Book wins the Waldo G. Leland Prize
Dr. Nomanul Haq, faculty at the Department of Humanities and Social Sciences, LUMS, recently contributed two seminal chapters to The New Cambridge History of Islam, a six-volume work which has won the prestigious American Historical Association (AHA) Waldo G. Leland Prize. According to the Princeton University website this work is ‘the most outstanding reference tool in the field of history’ published between the years 2006 to 2011.
The American Historical Association (AHA), founded in 1884 and incorporated by the US Congress in 1889, is a prominent society of historians that deals with the academic study of the history of all areas and regions. Over the decades it has established a number of prizes and awards that are given in particular categories to individuals or publications whose services are recognised as serving the field of history.
The New Cambridge History of Islam (General Editor Michael A. Cook of Princeton University, 2011) is a comprehensive reference work that features articles by top academics on all major aspects and topics that define the contemporary academic study of Islam. A six-volume work, it is divided mostly on chronological grounds into six distinct categories, each category featuring thematic entries by experts.

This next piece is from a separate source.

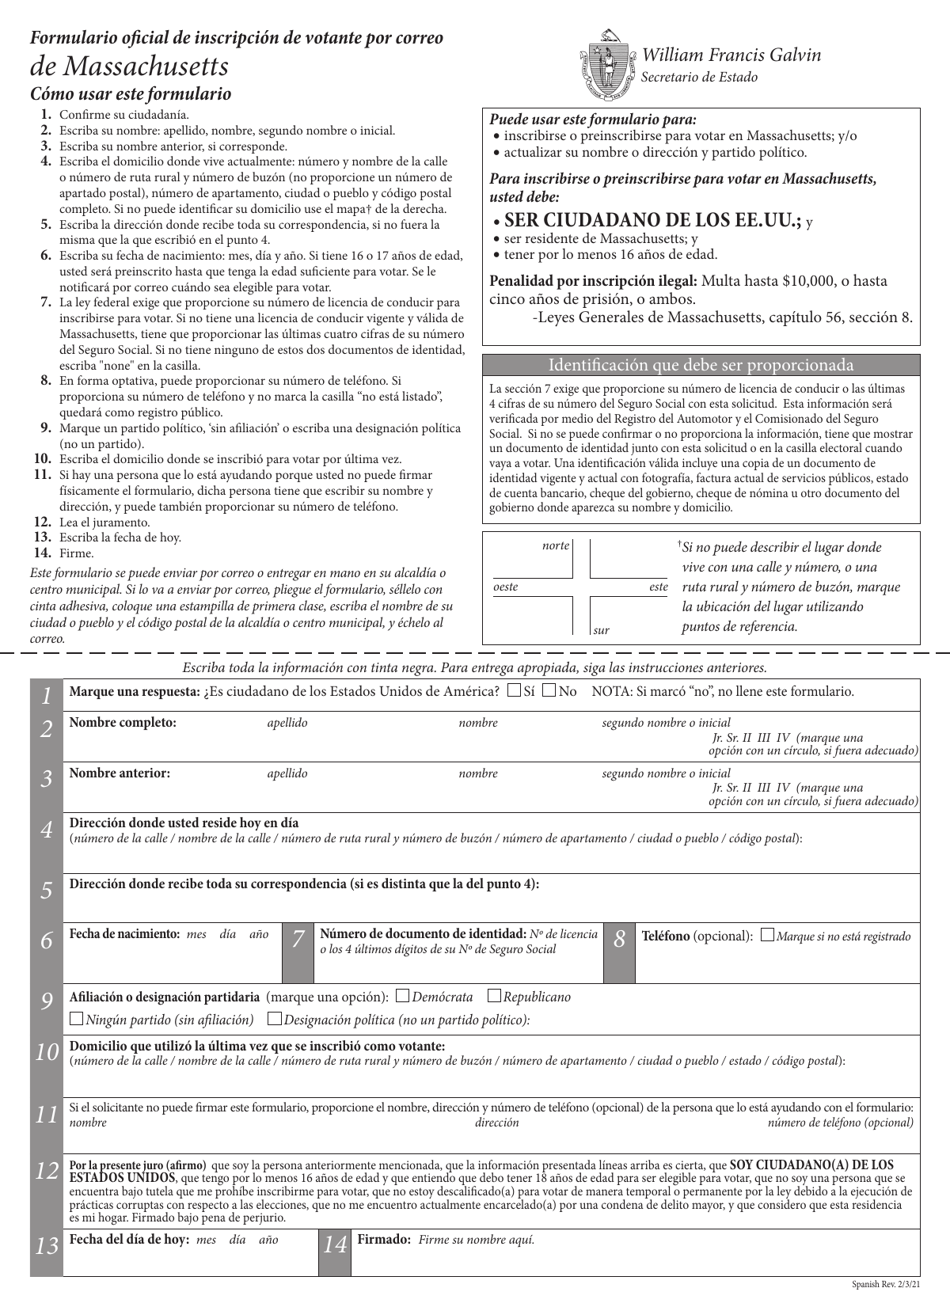 Formulario Oficial De Inscripcion De Votante Por Correo De Massachusetts - Massachusetts (Spanish), Page 1

Dr. Nomanul Haq has contributed two seminal chapters to this publication: ‘Occult sciences and medicine’ (pp. 640-667) in Volume 4 of the publication elaborates on the medieval discourse on occultism-including magic and alchemy-and medicine in the Islamic world. The chapter not only highlights and brings into focus major trends in these fields that were prevalent in medieval Islam, but also breaks new ground by asking fundamental questions about the nature and history of alchemy and the alchemical tradition. His second chapter, ‘Islamic philosophy and science [since 1800]’ (pp. 549-571) in Volume 6, is a careful and meticulous analysis of how these fields of unsurpassed contemporary relevance developed in Islamic lands. This chapter, looking at post-Enlightenment treatment and trajectories of philosophy and science throughout the Muslim world, is a cutting-edge investigation into this topic.
Based on original Arabic sources as well as some outstanding secondary sources on these topics, Dr. Haq’s chapters will serve as an essential reading for both experts and students in the field of Islamic intellectual history.